Après plusieurs jours de tortures physiques, psychologiques et morales, selon quelques détenus libérées, 41 personnes ont été déférées au tribunal de Rosso. Les détenus de R’Kiz auraient été répartis dans plusieurs sites, notamment le lycée et la brigade de gendarmerie de la ville.
Pendant quatre ou cinq jours, les prévenus, dont des femmes, des jeunes, et même des mineurs, on parle d’un enfant de 10 ans, auraient subi des tortures physiques, morales et psychologiques, selon le témoignage de plusieurs détenus libérés.
Parmi ces formes de tortures exercées par les gendarmes, certains détenus libérés parlent de coups, de gifles et d’insultes. Ils évoquent aussi qu’ils ont été maintenus dans une promiscuité sauvage, vingt personnes dans une cellule de 3 mètres carrés, des couloirs remplis jusqu’à 30 à 40 personnes malgré la pandémie Covid-19, l’absence de toilettes, d’eau, de nourriture. Les détenus n’avaient droit à aucune visite, empêchés de rencontrer leur famille, des avocats, des médecins, certains souffrant de maladies chroniques, d’autres à la suite de tortures, dont l’étirement de leur appareil génital.

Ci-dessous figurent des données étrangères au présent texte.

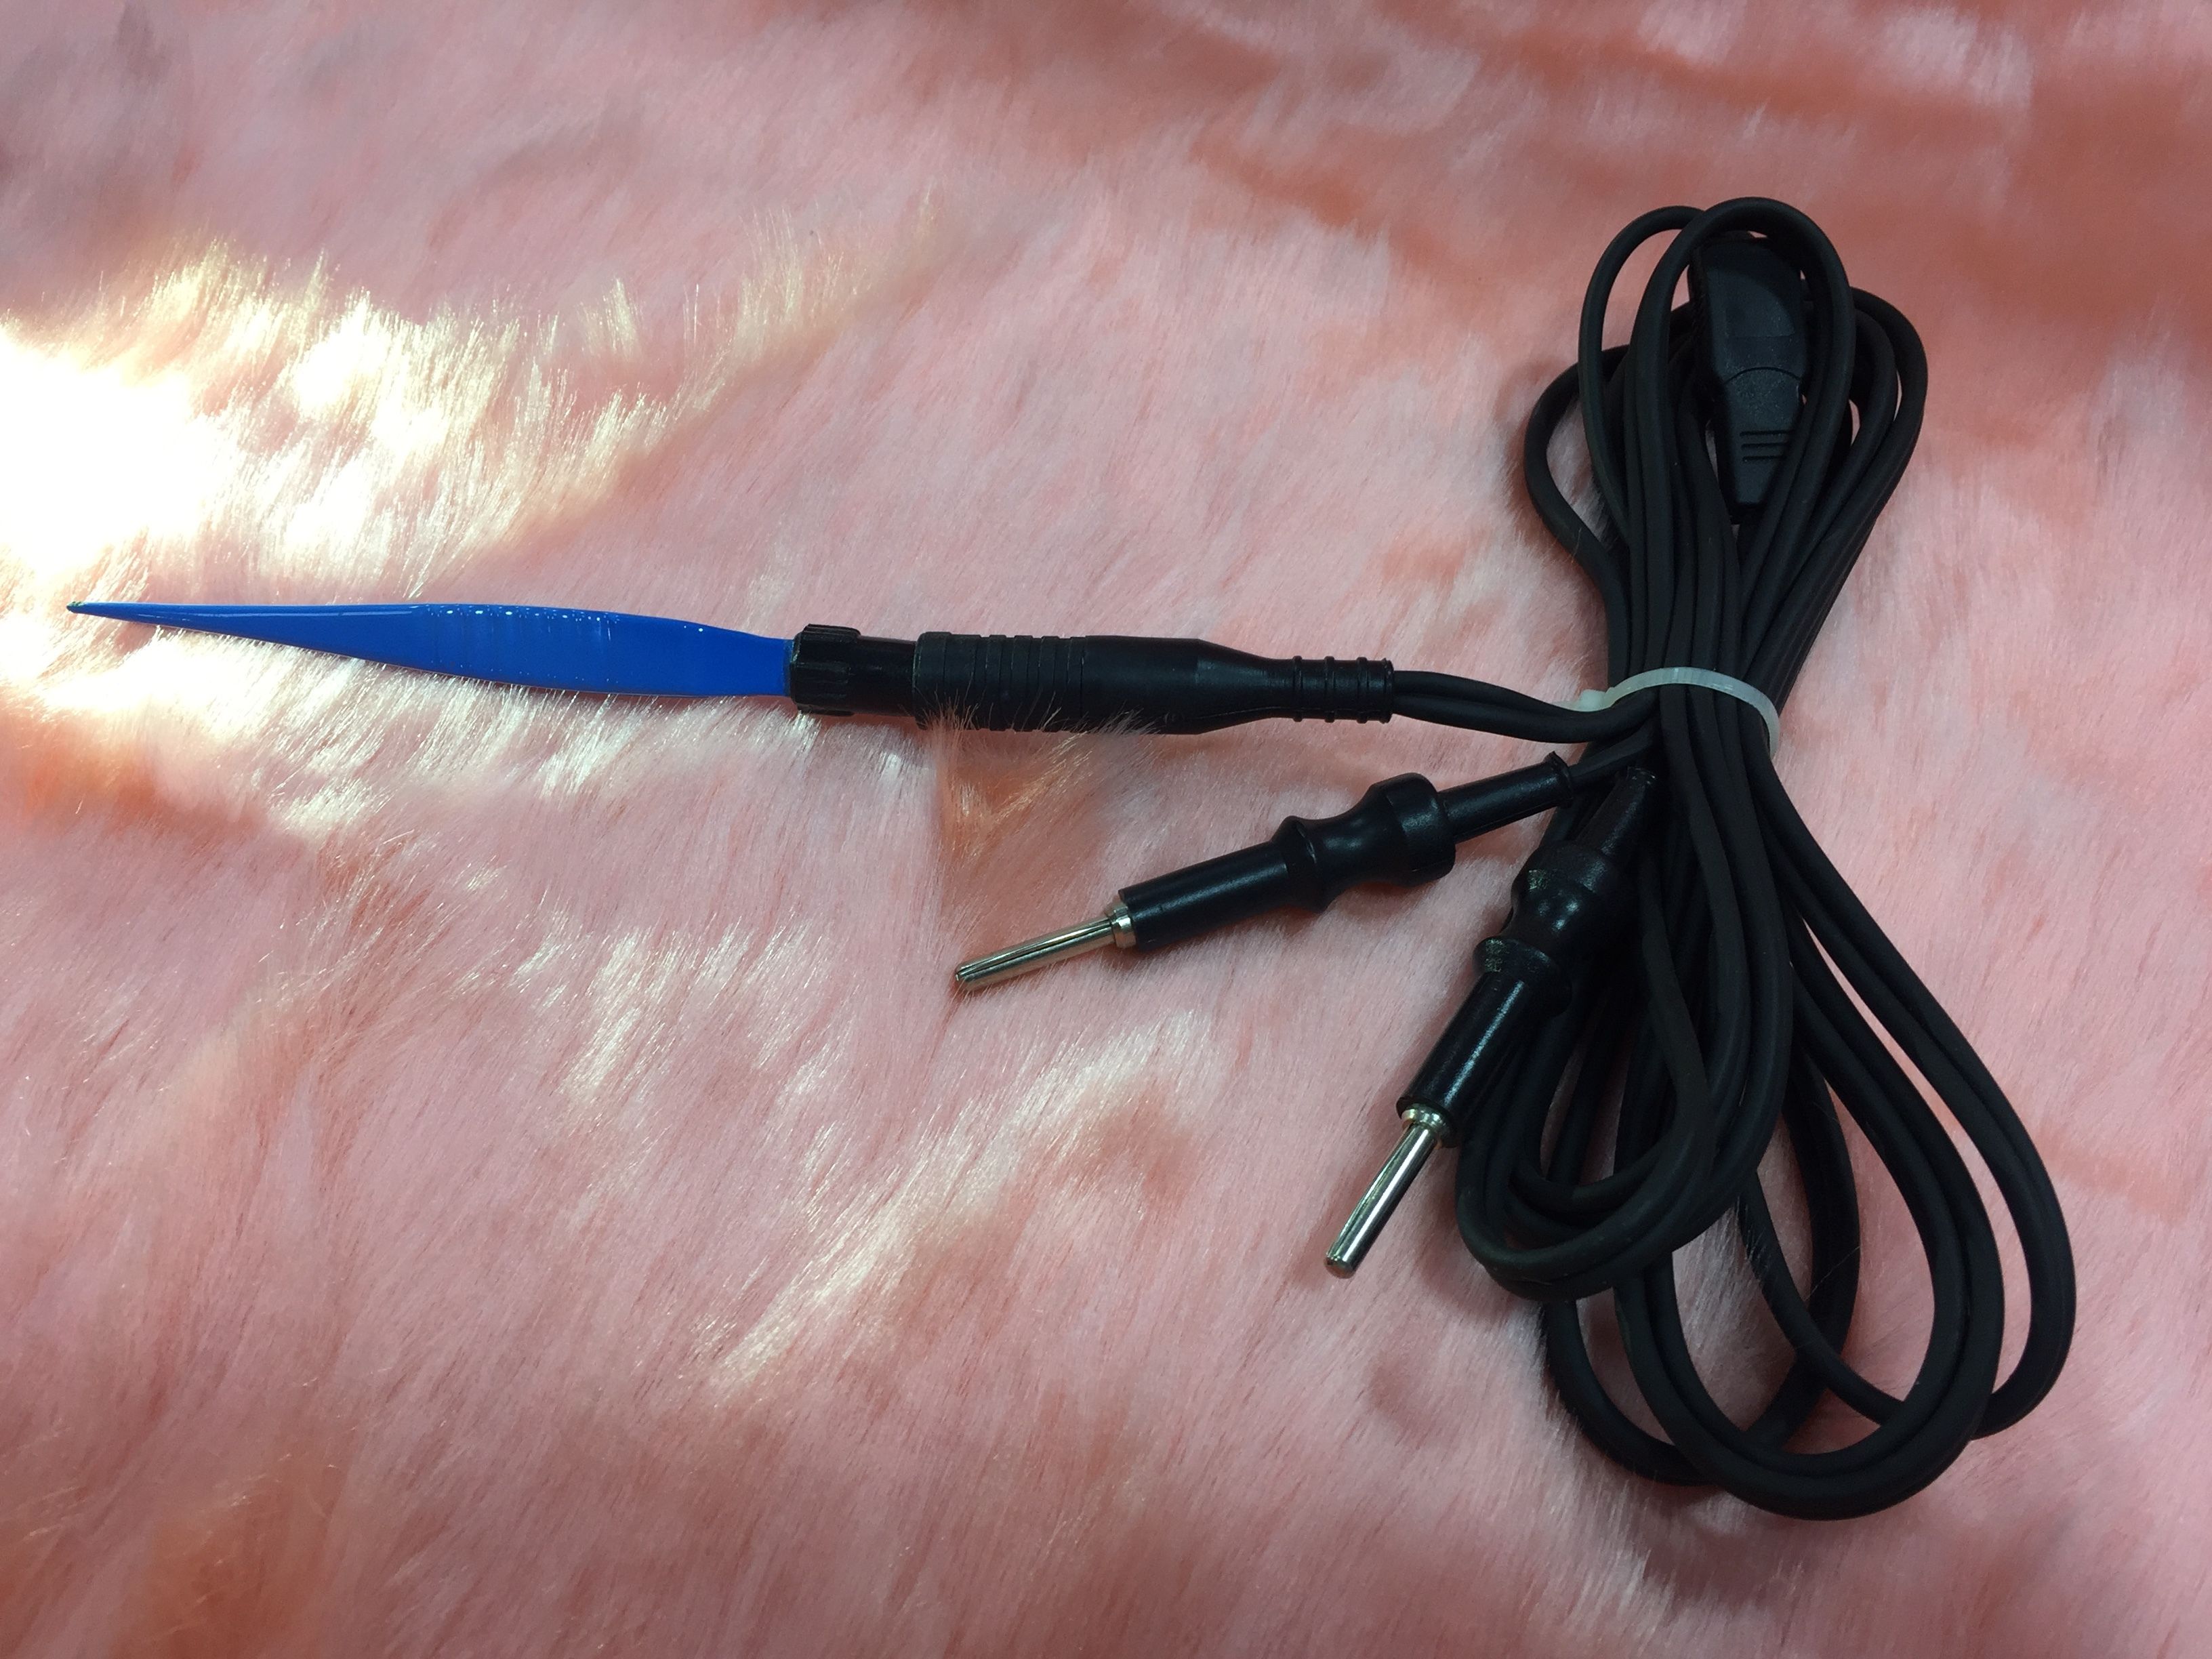 Bipolar Cable Cord(black)
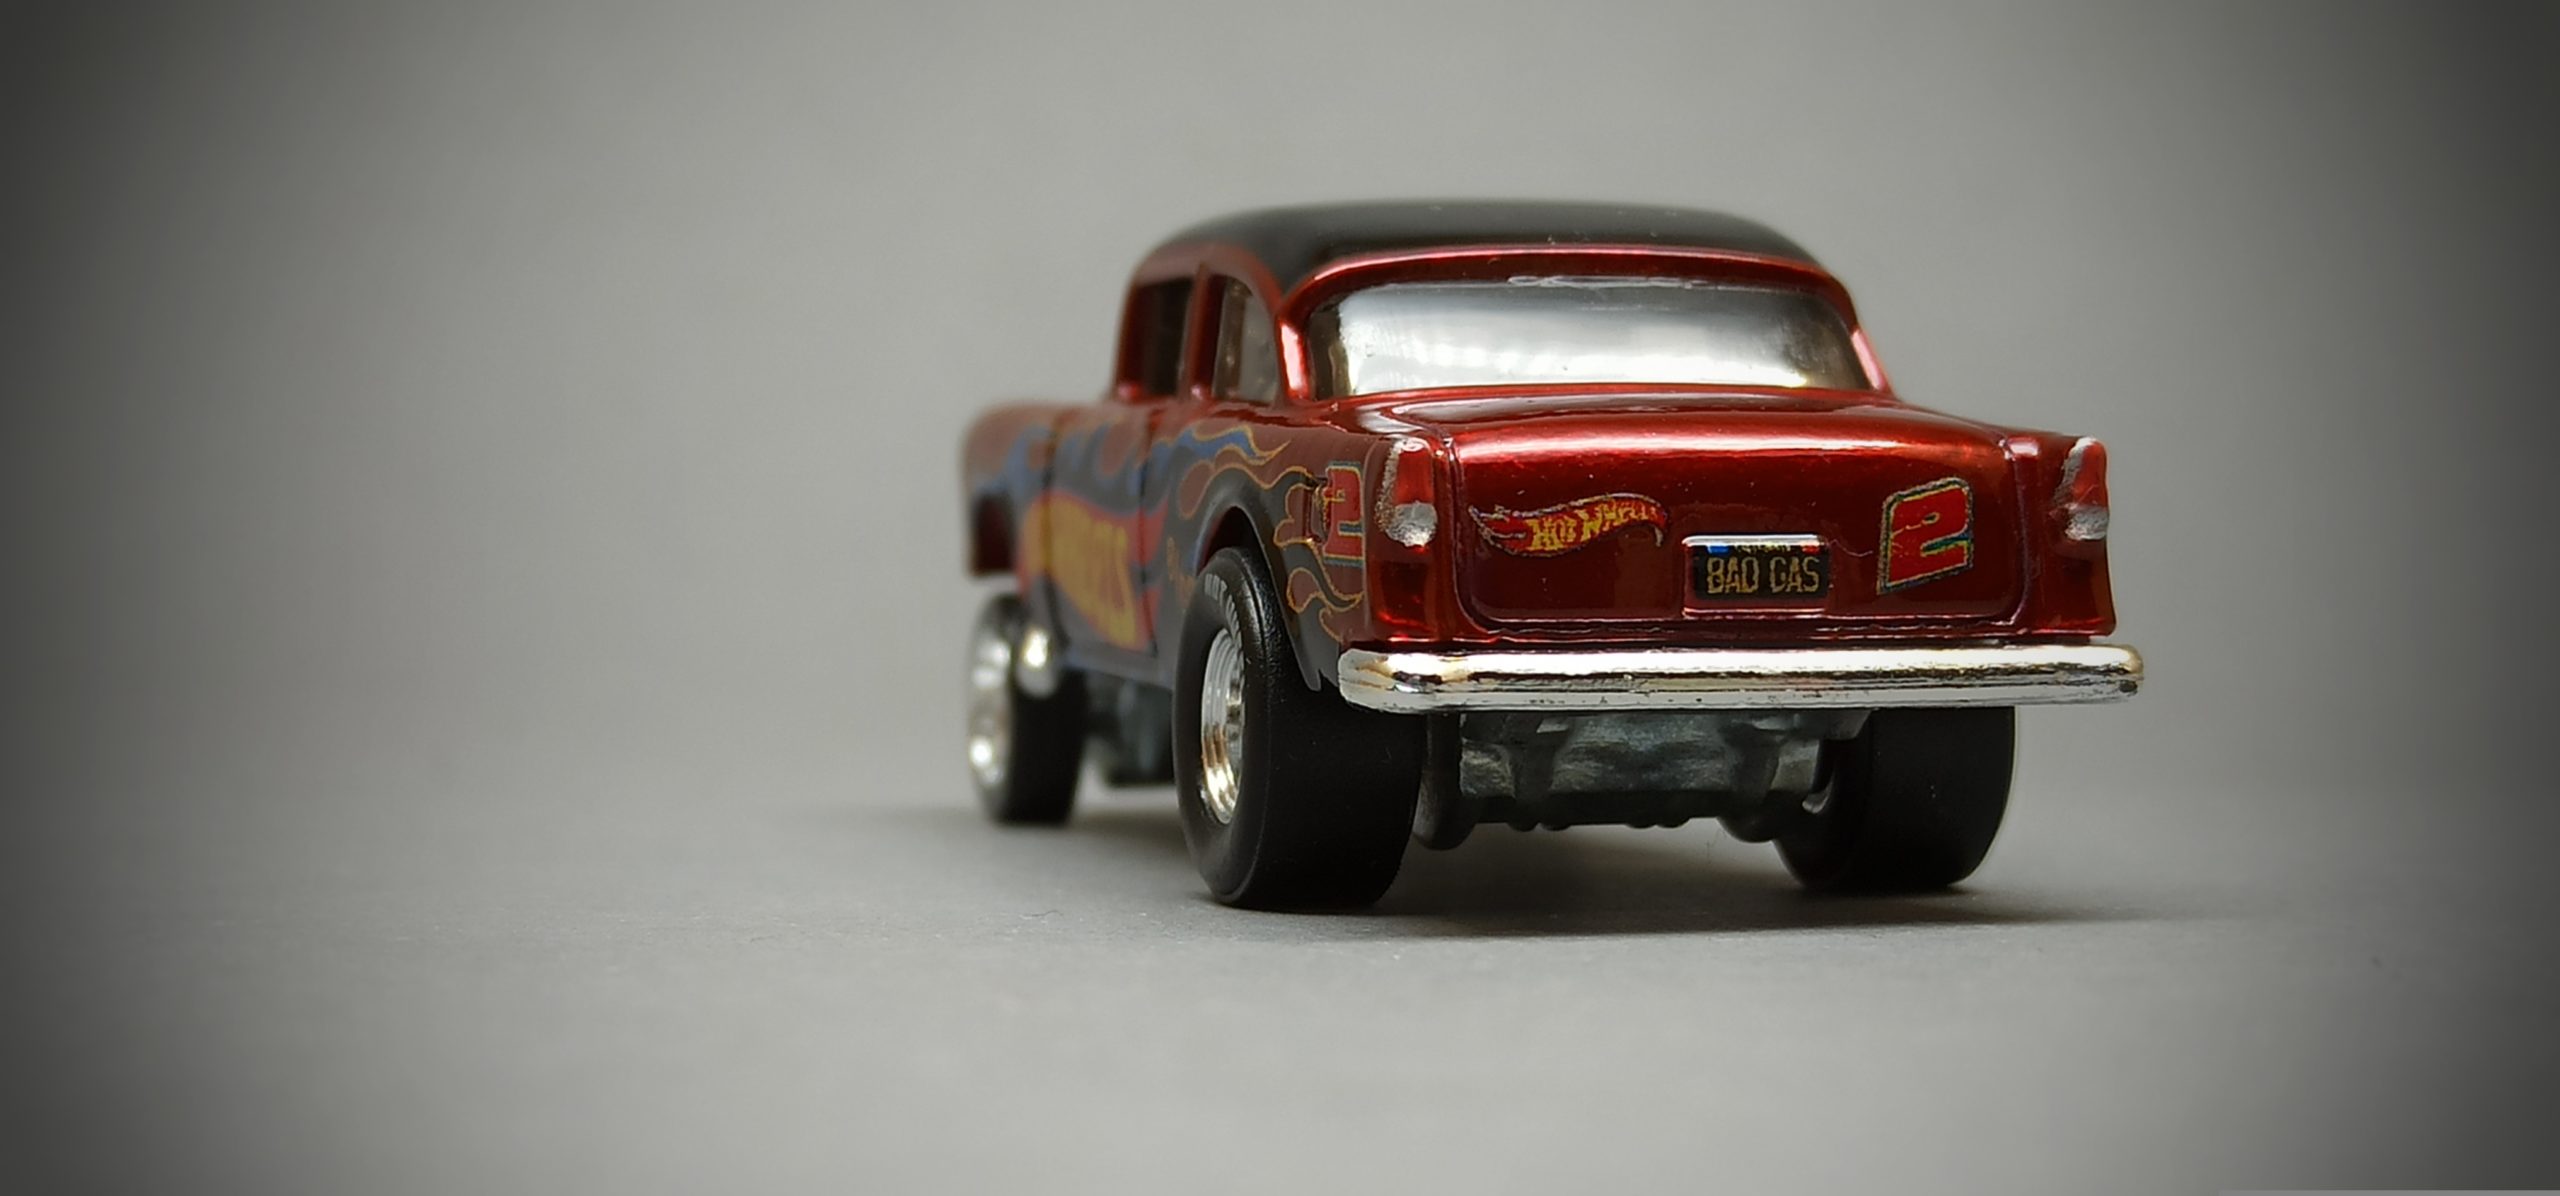 Hot Wheels '55 Chevy Bel Air Gasser (FKF90)  2018 Collector Edition (Kmart Mail-in) dark red

Après ces jours de tortures, tous seront pourtant libérés, tandis que 41 personnes ont été déférées devant le tribunal régional de Rosso, où ils continueraient de subir les mêmes types de tortures.
Des organisations des droits de l’homme parlent de punition collective infligée aux habitants de R’Kiz, car les arrestations auraient été faites au pif, sans aucune enquête d’identification, pour cibler les vrais manifestants, auteurs du mercredi noir de R’Kiz.
Il faut dire que ce jour du mercredi 22 septembre, des centaines de personnes se sont attaquées aux locaux de la préfecture, au centre d’enrôlement, au domicile du maire, mais aussi au siège de la société d’eau et de l’électricité. Ils ont saccagé, brûlé, détruit et emporté du matériel, des documents, dans une violence sans précédent. Les habitants s’étaient soulevés contre les défaillances répétées des services d’eau et d’électricité, mais aussi des conditions de vie de plus en plus difficiles dues, selon eux, à la négligence de l’Etat.
Aujourd’hui, les associations des droits de l’homme et les partis politiques, dont le RFD, l’UFP, le parti RAG, le mouvement IRA et le mouvement Kavana, pour ne citer que ceux-là, ont tous condamné l’usage de la violence par les manifestants. Ils rappellent cependant aux autorités mauritaniennes qu’elles doivent rompre avec ces pratiques inhumaines et dégradantes contraires aux textes nationaux et aux conventions internationales ratifiées par la Mauritanie sur les droits de l’homme, en particulier les règles de la garde-à-vue, la présomption d’innocence et l’interdiction de la torture, surtout que la Mauritanie est partie dans la convention contre la torture et qu’elle dispose d’un Mécanisme nationale à cet effet.
Ils ont surtout exigé qu’une enquête complète soit diligentée pour situer la responsabilité des services publics de R’Kiz dont les défaillances ont été à la source du soulèvement populaire. Le Wali du Trarza, dont relève le département de R’Kiz, a fait mention de cet aspect dans une déclaration largement partagée où il mentionne le rôle de l’administration publique et des élus dans les évènements de R’Kiz.
Certes, la Commission nationale des droits de l’homme (CNDH) a dépêché une mission sur place pour s’enquérir du respect des procédures de la garde-à-vue et s’assurer que les droits des prévenus sont respectés. Le communiqué publié le 26 septembre 2021 sur son site, ne fait cependant aucune mention sur les conditions des détenus et s’est contenté de formules vagues et générales.
L’absence du Mécanisme national de lutte contre la torture reste criante dans cette affaire.
De son côté, le député et président du mouvement abolitionniste IRA, Birame Dah Abeid, a insisté dans une série de vocaux sur WhatsApp sur le respect des droits des détenus conformément à la législation nationale et aux conventions internationales ratifiées par la Mauritanie.
Il a souligné que le traitement de l’affaire de R’Kiz constitue le premier test du régime de Mohamed Cheikh Ghazouani. Il déplore d’ores et déjà ce qu’il appelle « la persistance des pratiques du passé, avec les mêmes méthodes que tout le monde pensait révolues ».
Selon lui, certains segments des régimes passés encore dans le sérail de la haute administration publique (civile et militaire) restent réfractaires à tout changement et à toute adaptation au contexte d’apaisement prôné par le régime actuel, et qu’ils s’évertuent à perpétuer le climat de tension sociale qui a fait la lie des pouvoirs précédents.
Aux dernières nouvelles, le Parquet de Rosso aurait requis l’emprisonnement de dizaines de prévenus.